The night of September the 27th was mild, but stormy. At one point during the night, we do not yet know exactly when, the infernal noise of a chainsaw filled the air. In less than twenty minutes a tree which took 300 years to grow was felled.

The tree stood at the Hadrian’s wall, a stone wall erected more than 2000 years ago which stretches the whole width of England from the Irish Sea to the North Sea, for more than 70 miles. It was originally built as a fortification of the Roman province of Britannia. One of the most picturesque spots along the wall is the Sycamore gap, a little ditch between 2 hills on which the Sycamore tree stood.

Sycamore trees have been native to the UK since 1500 and can grow to a height of about 35m with dense leaves and a broad rounded crown. It is also well known for its winged fruits known as samaras. The camouflage-looking bark is a distinctive feature for this tree.

The Sycamore tree is believed to have been one of the most photographed in the UK located in this idyllic spot along Hadrian’s wall, a UNESCO World heritage site. It was named the tree of the year in 2016 and became famous around the globe as it featured in the film “Robin Hood; Prince of Thieves” starring Kevin Costner, Morgan freeman and Alan Rickman.

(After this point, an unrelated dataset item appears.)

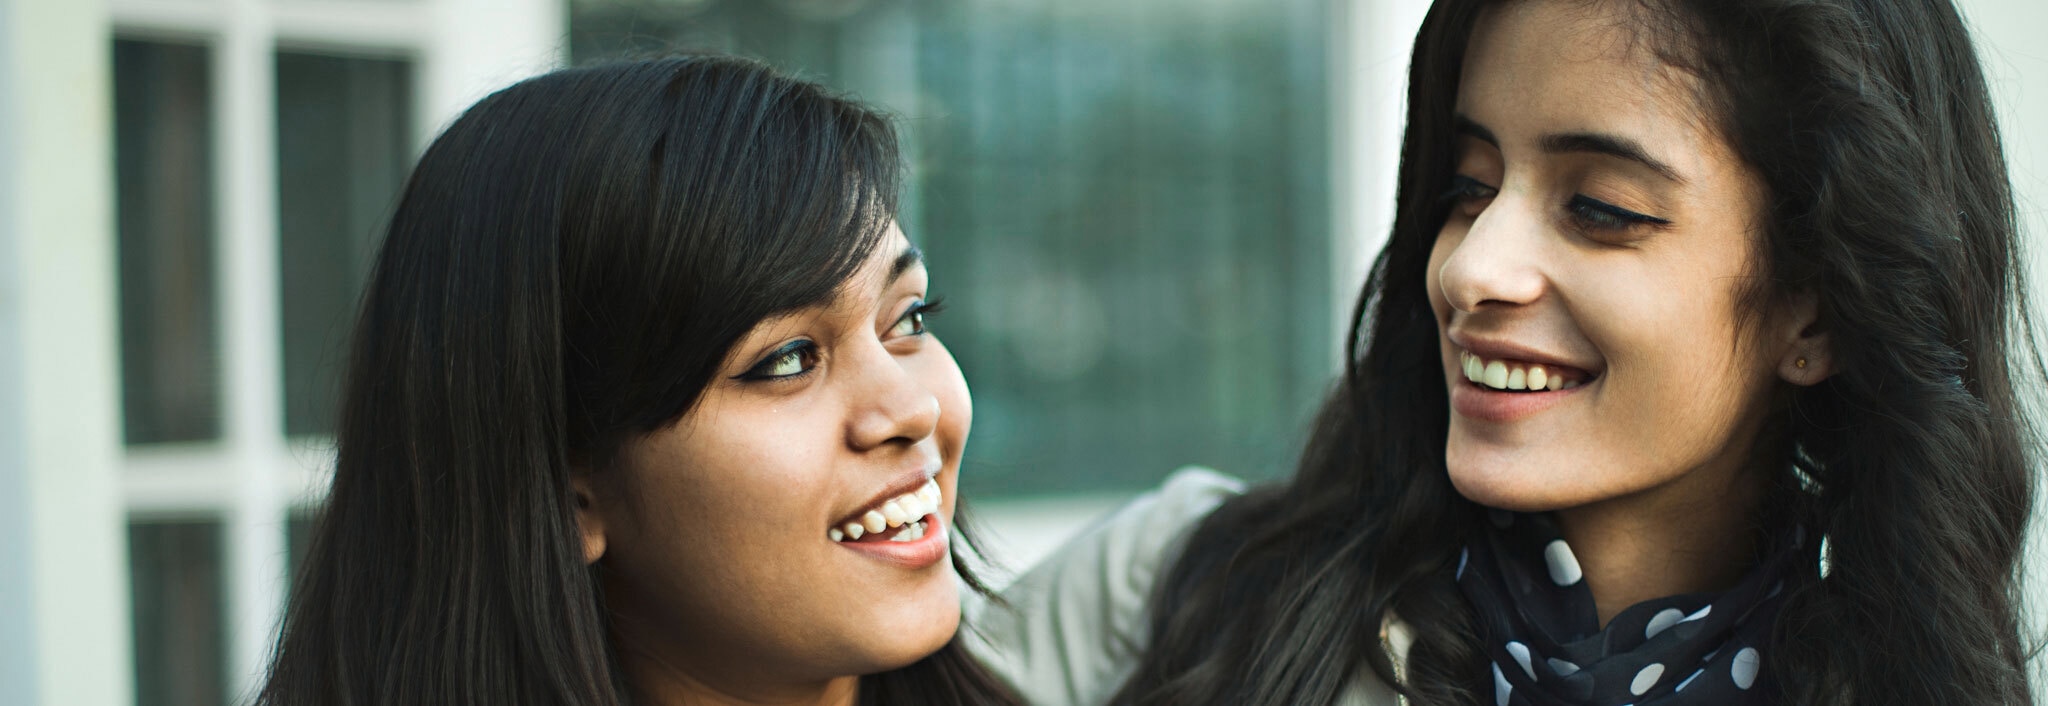 Close up of two women with thick black hair looking at each other mid-conversation

The public outcry was loud across the kingdom. The National Trust, which manages the land where the tree stood, said it was “shocked and saddened” to learn of the news. Laura Charlton, who wrote a poem, an Ode to a Sycamore Tree, to try to capture the “recklessness of the actions and the sense of bereavement the locals are feeling.”

Two persons have been temporarily arrested by the police, a man in his 60s as well as a boy of 16. Both have since been released on bail.

Fundraising efforts are set up by well-wishers who want to see the area where the tree stood rejuvenated. Andrew Poad of the National Trust pointed to the health of the three as one reason to believe it could be regrown.

“It’s a very healthy tree,” he told BBC. “It may well regrow a coppice from the stump. And if we could nurture that, then that might be one of the best outcomes, and then we keep the tree.” But any effort to regrow the tree is likely to take hundreds of years, according to Mark Feather, UK estate manager for conservation charity, the Woodland Trust.